Ознакомительная версия.
Визир изобразил на лице кисловатую готовность поддержать смех и вдруг сказал:
— Ураган какой-то. — И, спохватившись, поспешно добавил: — Гарнизон мы укрепили. Фуража в достатке. Еды хватит на месяц, может, полтора. Люди готовы биться до конца. Мы выдержим.
— Да, до конца! — поддержал его Кара-Куш, мечтавший наконец испробовать в деле личный отряд молодых всадников.
Кучулук-хан поморщился:
— Собственно, я созвал вас здесь, правоверные, чтобы огласить своё решение. — Хан принялся ходить по залу, обмакивая руки в фонтаны. — Тебе, ал-Мысри, надлежит проследить, чтобы с сегодняшнего вечера не читать отныне хутбу с именем Ала ад-Дин Мухаммада и оставить лишь моё и халифа ан-Насира.
Имам чинно поклонился.
— А тебе, визир, изъять из обращения монету с именем хорезмшаха и немедля чеканить монету с именем Кучулук-хана. А те монеты, что содержат имя Мухаммада, переплавить на новые. Понятно?
Визир поклонился трижды.
— А теперь иди, Элькутур.
— Забыл сказать, мой хан, — задержался визир, — в некоторых селениях люди видели незнакомых всадников. Два, три. Они наблюдали. Потом ушли. Это всё.
Визир удалился. Нависло угрюмое молчание, в течение которого хан продолжал баловаться с водой, а Кара-Куш ел финики. Наконец, имам воздел руки кверху и тихо сказал:
— Но ведь это заговор.
— Да, — просто ответил хан и рассмеялся, на сей раз непринуждённо. — И что? Первый в твоей жизни? Всё стоит золота, и каждый волен продаться, если цена не выше стоимости его жизни. Надо подготовить два послания. Одно — хану монгольскому. Это сделает Кара-Куш. А другое — в Багдад халифу ан-Насиру. В нём следует сообщить о наших переменах, а также о том, что владыка Халадж-кала Кучулук-хан идет на хорезмшаха войной вместе с монгольским ханом, который доверяет ему и слушает его советы.

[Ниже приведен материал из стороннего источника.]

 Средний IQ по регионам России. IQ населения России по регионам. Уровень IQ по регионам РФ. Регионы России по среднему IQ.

— Будет исполнено, — осипшим голосом сказал имам и, покачав головой, еле слышно добавил: — Время ли теперь чеканить монеты?..

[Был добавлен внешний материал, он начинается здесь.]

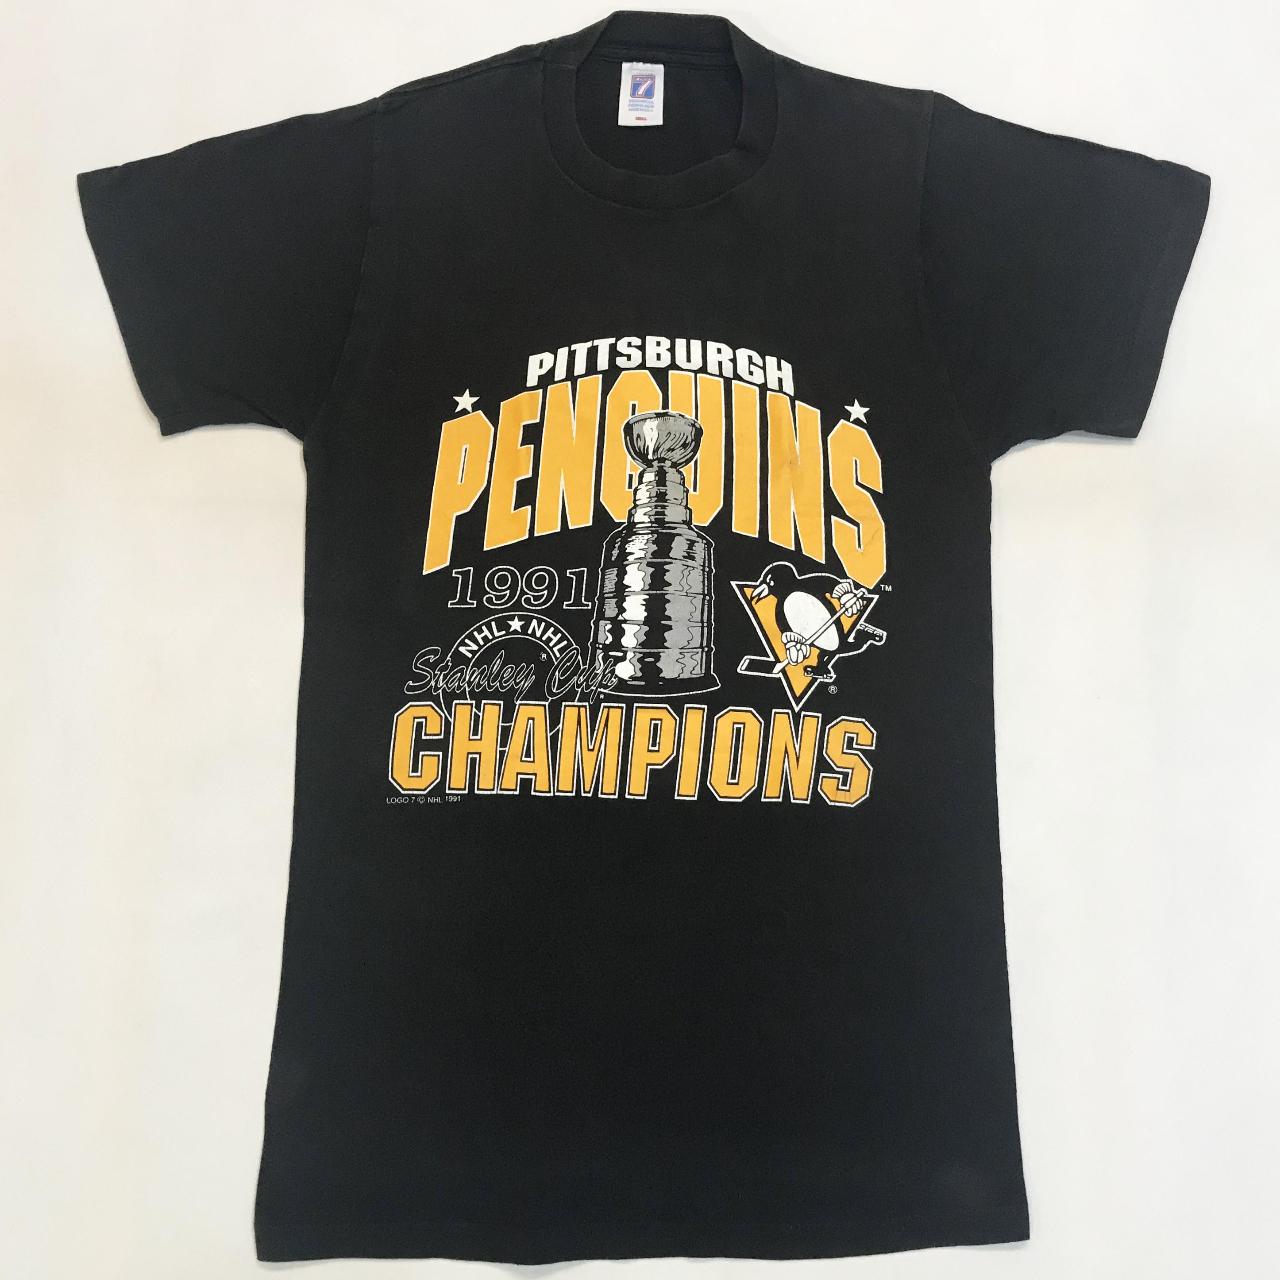 Vintage 90's Logo 7 NHL Pittsburgh Penguins Jager - Depop

— Халиф вынужден будет поверить тому, кто отведёт таран от ворот, ведущих в его владения, — хан сделал паузу, — либо для того, чтобы избежать удара, либо — чтобы удар усилить. — Он подошёл к имаму и тронул его за худое плечо. — Вот она, наша сила, имам, сила неверных, которая, конечно, сама иссякнет, и очень скоро. Дикие орды кочевников не любят жары. У них короткое дыхание. Ну, погуляют, пограбят и — назад, обратно. А там, глядишь, выпадет случай — и поможем им воротиться в степь. Головы их вождей недорого стоят.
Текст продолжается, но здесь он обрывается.